(GOAL OF THE EXERCISE): Would you return every line of the listing below that has "image" in it?

(EXTRACTED INFORMATION):
——————

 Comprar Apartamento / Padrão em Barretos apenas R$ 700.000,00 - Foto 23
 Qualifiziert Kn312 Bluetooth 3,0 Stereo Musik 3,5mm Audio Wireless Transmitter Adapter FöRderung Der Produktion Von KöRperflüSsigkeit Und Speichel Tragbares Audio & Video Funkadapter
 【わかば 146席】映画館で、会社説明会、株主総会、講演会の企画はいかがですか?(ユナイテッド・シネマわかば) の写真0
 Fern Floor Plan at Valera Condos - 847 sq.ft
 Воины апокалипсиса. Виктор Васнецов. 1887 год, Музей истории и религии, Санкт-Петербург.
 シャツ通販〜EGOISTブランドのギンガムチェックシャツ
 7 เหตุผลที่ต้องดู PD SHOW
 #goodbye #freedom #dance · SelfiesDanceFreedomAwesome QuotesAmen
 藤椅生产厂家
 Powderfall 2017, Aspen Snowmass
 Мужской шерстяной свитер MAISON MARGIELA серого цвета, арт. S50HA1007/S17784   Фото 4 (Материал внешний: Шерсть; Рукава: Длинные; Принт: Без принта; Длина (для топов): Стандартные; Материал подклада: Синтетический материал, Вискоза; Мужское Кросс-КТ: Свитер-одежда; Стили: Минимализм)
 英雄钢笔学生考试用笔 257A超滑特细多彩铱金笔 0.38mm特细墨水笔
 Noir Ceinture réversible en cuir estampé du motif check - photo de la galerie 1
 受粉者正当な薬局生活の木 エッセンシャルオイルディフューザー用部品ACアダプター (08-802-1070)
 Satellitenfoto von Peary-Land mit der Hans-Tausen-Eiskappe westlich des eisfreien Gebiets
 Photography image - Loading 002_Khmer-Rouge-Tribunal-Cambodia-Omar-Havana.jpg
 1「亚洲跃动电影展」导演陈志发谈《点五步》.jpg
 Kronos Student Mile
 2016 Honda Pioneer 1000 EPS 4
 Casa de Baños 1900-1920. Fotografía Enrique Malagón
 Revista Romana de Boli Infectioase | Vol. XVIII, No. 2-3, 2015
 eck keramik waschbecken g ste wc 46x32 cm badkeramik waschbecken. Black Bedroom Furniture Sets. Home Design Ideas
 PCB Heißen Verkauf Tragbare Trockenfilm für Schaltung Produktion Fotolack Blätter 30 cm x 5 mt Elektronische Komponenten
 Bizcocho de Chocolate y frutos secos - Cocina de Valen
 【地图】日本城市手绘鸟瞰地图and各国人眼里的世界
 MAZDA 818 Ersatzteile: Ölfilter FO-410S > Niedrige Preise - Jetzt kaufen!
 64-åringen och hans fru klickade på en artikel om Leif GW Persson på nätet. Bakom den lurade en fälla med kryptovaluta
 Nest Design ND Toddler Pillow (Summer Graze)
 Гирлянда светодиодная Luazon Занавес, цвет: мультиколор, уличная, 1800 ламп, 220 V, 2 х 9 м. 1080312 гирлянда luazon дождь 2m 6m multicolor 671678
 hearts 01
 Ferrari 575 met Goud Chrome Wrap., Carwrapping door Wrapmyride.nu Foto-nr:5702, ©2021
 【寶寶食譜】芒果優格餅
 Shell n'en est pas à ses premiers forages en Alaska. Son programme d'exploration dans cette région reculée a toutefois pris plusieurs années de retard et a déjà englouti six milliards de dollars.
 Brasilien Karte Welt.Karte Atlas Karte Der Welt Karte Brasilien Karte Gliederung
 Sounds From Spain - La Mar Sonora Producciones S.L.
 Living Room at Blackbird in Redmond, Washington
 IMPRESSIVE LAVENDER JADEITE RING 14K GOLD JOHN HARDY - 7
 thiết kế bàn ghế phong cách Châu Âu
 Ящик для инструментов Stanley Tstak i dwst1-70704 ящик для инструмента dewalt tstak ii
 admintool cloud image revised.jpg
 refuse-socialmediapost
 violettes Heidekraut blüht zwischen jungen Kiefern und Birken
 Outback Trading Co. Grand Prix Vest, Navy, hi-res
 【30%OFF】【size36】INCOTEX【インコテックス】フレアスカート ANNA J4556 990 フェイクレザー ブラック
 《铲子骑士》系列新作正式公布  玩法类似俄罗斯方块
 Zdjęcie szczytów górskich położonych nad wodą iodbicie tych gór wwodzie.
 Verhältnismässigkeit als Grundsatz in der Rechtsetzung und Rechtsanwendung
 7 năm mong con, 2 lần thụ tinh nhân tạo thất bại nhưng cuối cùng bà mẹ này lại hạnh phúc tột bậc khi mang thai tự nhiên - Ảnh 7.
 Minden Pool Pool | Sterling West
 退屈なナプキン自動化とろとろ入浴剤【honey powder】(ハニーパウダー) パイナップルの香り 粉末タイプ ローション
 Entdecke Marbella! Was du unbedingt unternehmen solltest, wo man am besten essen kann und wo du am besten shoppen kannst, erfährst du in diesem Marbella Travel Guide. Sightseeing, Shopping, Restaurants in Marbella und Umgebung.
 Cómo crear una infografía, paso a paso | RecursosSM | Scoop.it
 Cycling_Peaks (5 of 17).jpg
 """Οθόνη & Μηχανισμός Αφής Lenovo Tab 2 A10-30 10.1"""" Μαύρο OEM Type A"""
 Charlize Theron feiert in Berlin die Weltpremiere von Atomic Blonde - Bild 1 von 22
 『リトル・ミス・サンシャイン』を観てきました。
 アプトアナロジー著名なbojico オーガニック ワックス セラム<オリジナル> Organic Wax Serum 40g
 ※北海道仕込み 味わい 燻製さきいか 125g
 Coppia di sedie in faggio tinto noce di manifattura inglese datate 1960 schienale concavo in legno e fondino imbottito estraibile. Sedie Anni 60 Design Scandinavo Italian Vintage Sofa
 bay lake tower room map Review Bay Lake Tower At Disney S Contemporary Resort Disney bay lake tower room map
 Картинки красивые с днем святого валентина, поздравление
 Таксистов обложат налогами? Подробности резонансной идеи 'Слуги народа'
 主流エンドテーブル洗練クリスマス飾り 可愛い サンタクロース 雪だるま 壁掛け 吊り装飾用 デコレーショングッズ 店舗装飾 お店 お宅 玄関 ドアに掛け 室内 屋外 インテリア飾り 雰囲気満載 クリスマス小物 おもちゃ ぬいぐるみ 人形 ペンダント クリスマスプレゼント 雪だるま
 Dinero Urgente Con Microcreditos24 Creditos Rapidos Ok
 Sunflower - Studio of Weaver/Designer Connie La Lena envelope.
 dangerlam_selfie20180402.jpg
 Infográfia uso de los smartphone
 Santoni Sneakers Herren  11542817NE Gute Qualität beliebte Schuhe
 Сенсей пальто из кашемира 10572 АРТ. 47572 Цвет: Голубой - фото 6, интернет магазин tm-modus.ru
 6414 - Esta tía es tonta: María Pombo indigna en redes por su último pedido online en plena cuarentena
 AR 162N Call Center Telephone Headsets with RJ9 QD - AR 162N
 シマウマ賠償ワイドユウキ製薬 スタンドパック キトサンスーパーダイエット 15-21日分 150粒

——————

(TASK RESULT):
 Photography image - Loading 002_Khmer-Rouge-Tribunal-Cambodia-Omar-Havana.jpg
 admintool cloud image revised.jpg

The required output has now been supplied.